On Wed, Jul 19, 2017 at 4:33 PM, H. Peter Anvin <hpa@xxxxxxxxx> wrote:
> On 07/19/17 11:26, Thomas Garnier wrote:
>> On Tue, Jul 18, 2017 at 8:08 PM, Brian Gerst <brgerst@xxxxxxxxx> wrote:
>>> On Tue, Jul 18, 2017 at 6:33 PM, Thomas Garnier <thgarnie@xxxxxxxxxx> wrote:
>>>> Perpcu uses a clever design where the .percu ELF section has a virtual
>>>> address of zero and the relocation code avoid relocating specific
>>>> symbols.
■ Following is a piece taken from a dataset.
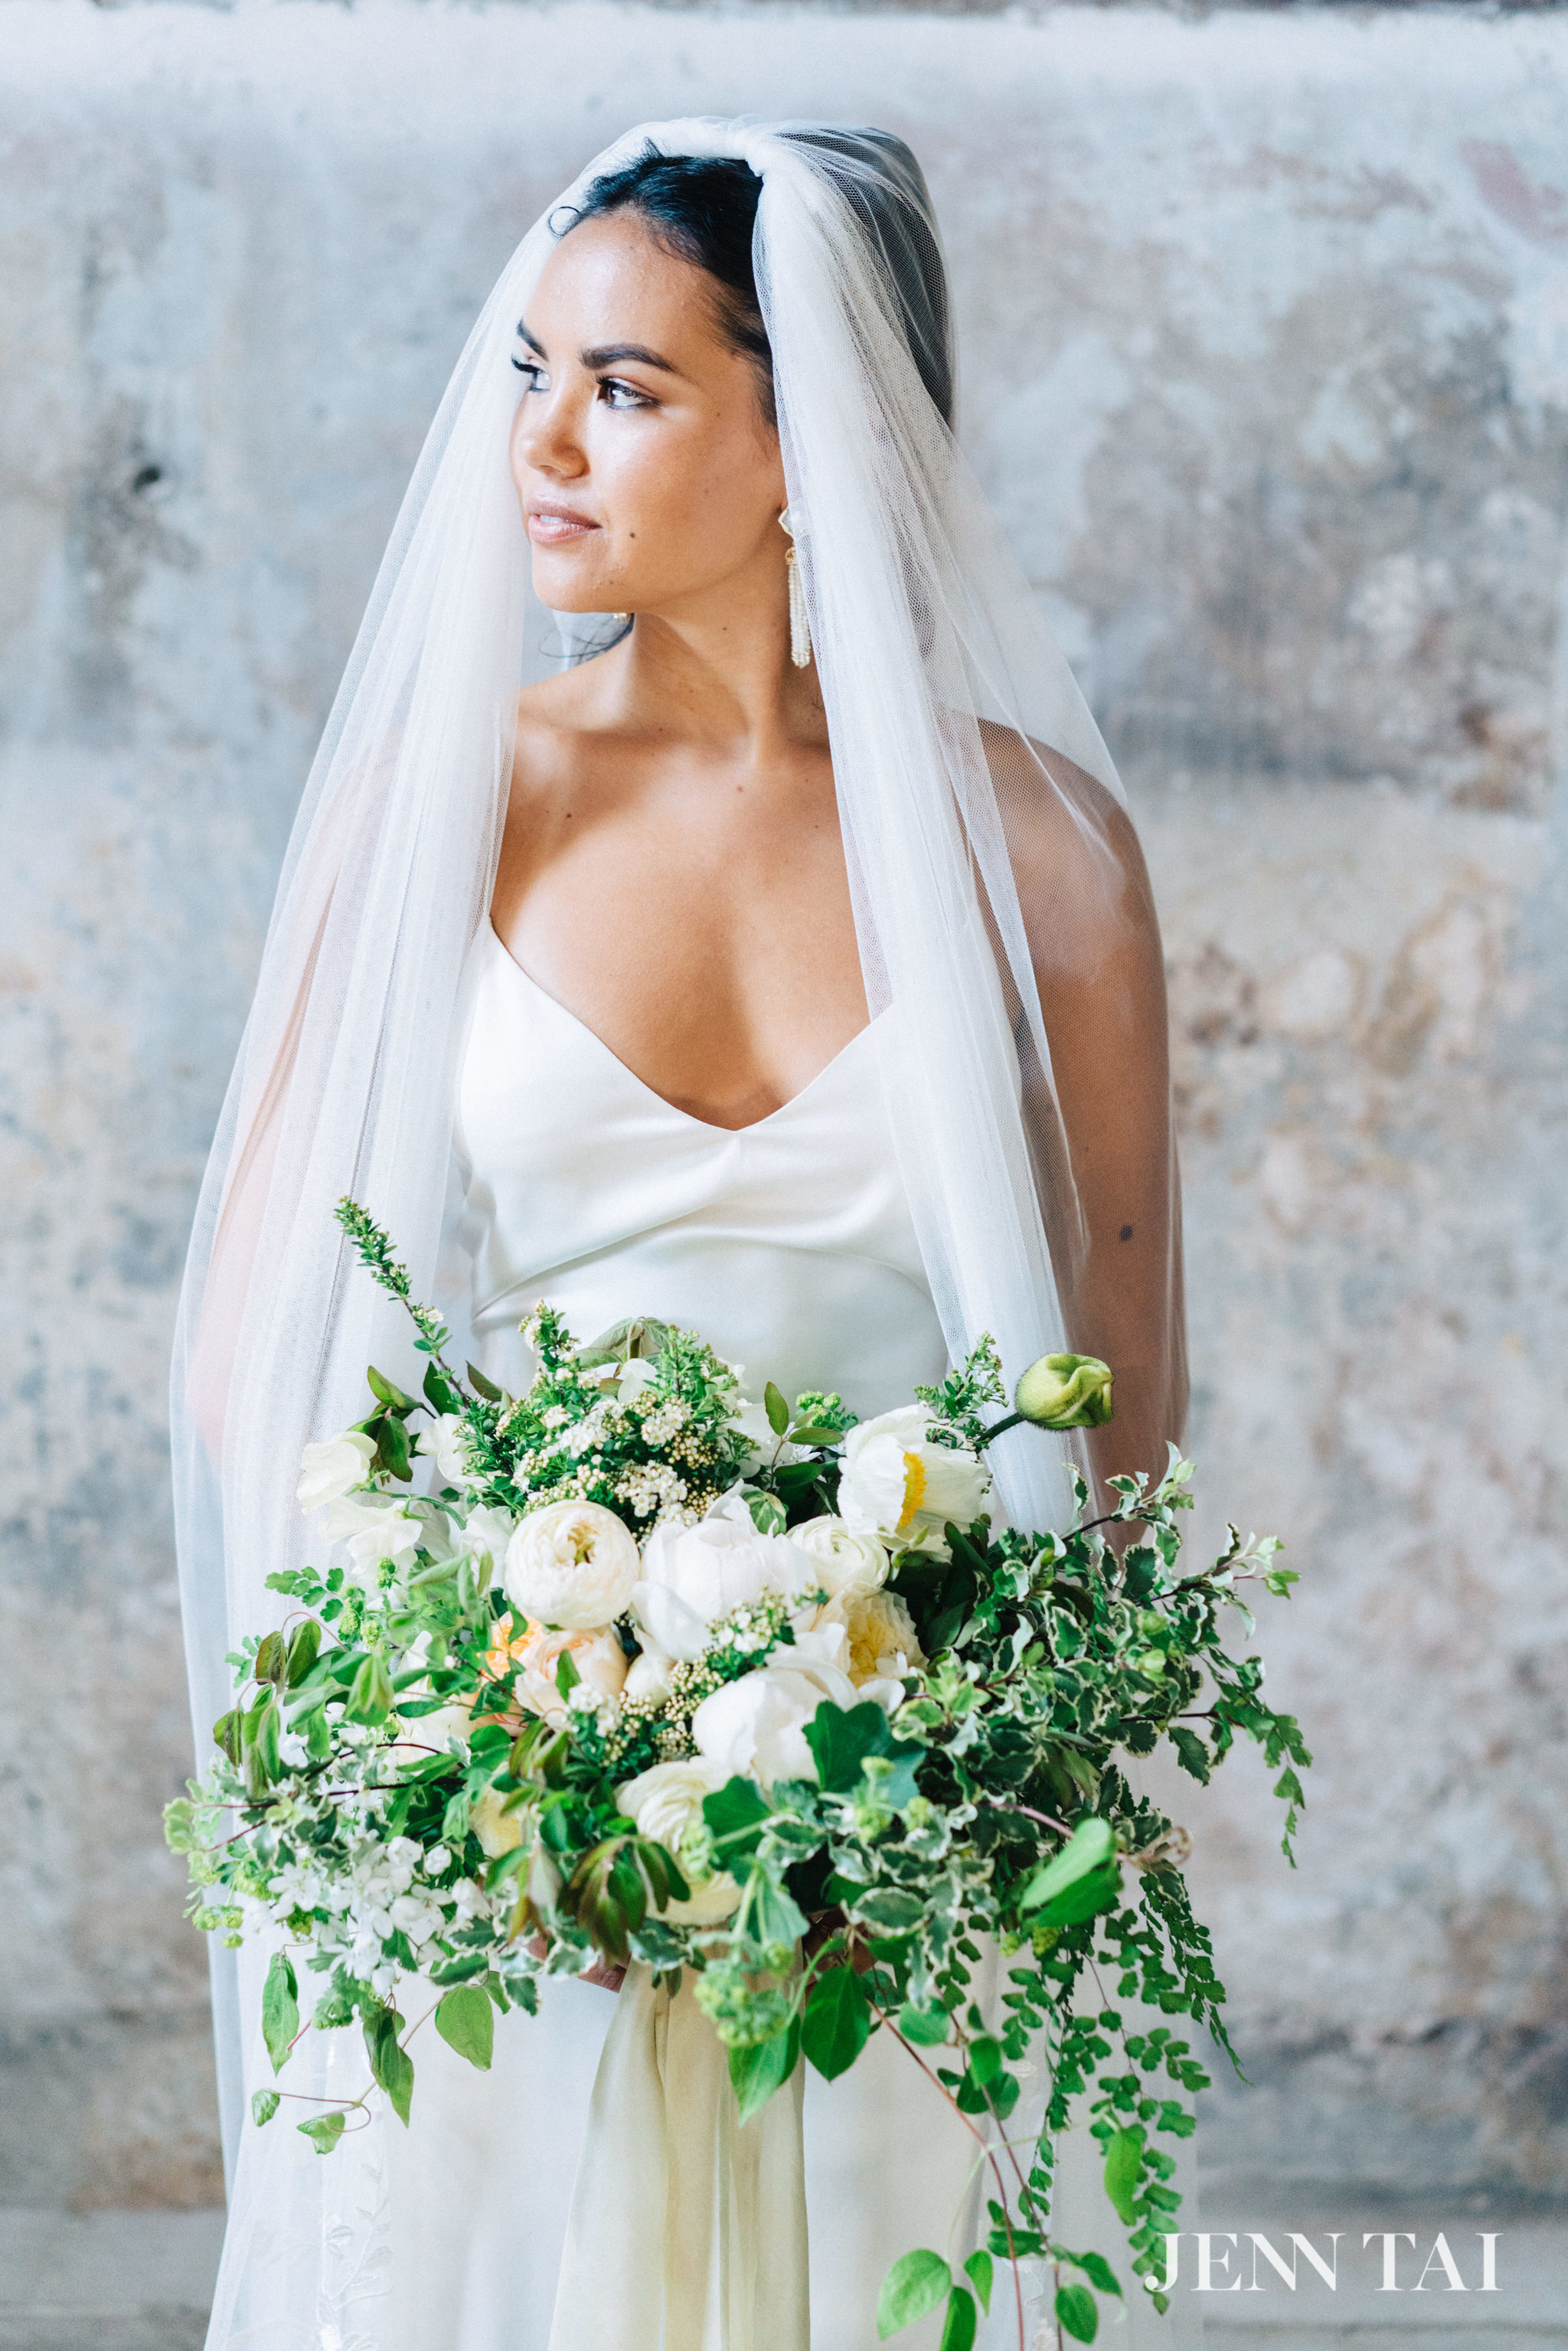 seattle-wedding-photographer-jenn-tai-max-gill-workshop-seattle-maura7677.JPG

It makes the code simple and easily adaptable with or without
>>>> SMP support.
>>>>
>>>> This design is incompatible with PIE because generated code always try to
>>>> access the zero virtual address relative to the default mapping address.
>>>> It becomes impossible when KASLR is configured to go below -2G. This
>>>> patch solves this problem by removing the zero mapping and adapting the GS
>>>> base to be relative to the expected address. These changes are done only
>>>> when PIE is enabled. The original implementation is kept as-is
>>>> by default.
>>>
>>> The reason the per-cpu section is zero-based on x86-64 is to
>>> workaround GCC hardcoding the stack protector canary at %gs:40.  So
>>> this patch is incompatible with CONFIG_STACK_PROTECTOR.
>>
>> Ok, that make sense. I don't want this feature to not work with
>> CONFIG_CC_STACKPROTECTOR*. One way to fix that would be adding a GDT
>> entry for gs so gs:40 points to the correct memory address and
>> gs:[rip+XX] works correctly through the MSR.
>
> What are you talking about?  A GDT entry and the MSR do the same thing,
> except that a GDT entry is limited to an offset of 0-0xffffffff (which
> doesn't work for us, obviously.)
>

A GDT entry would allow gs:0x40 to be valid while all gs:[rip+XX]
addresses uses the MSR.

I didn't tested it but that was used on the RFG mitigation [1]. The fs
segment register was used for both thread storage and shadow stack.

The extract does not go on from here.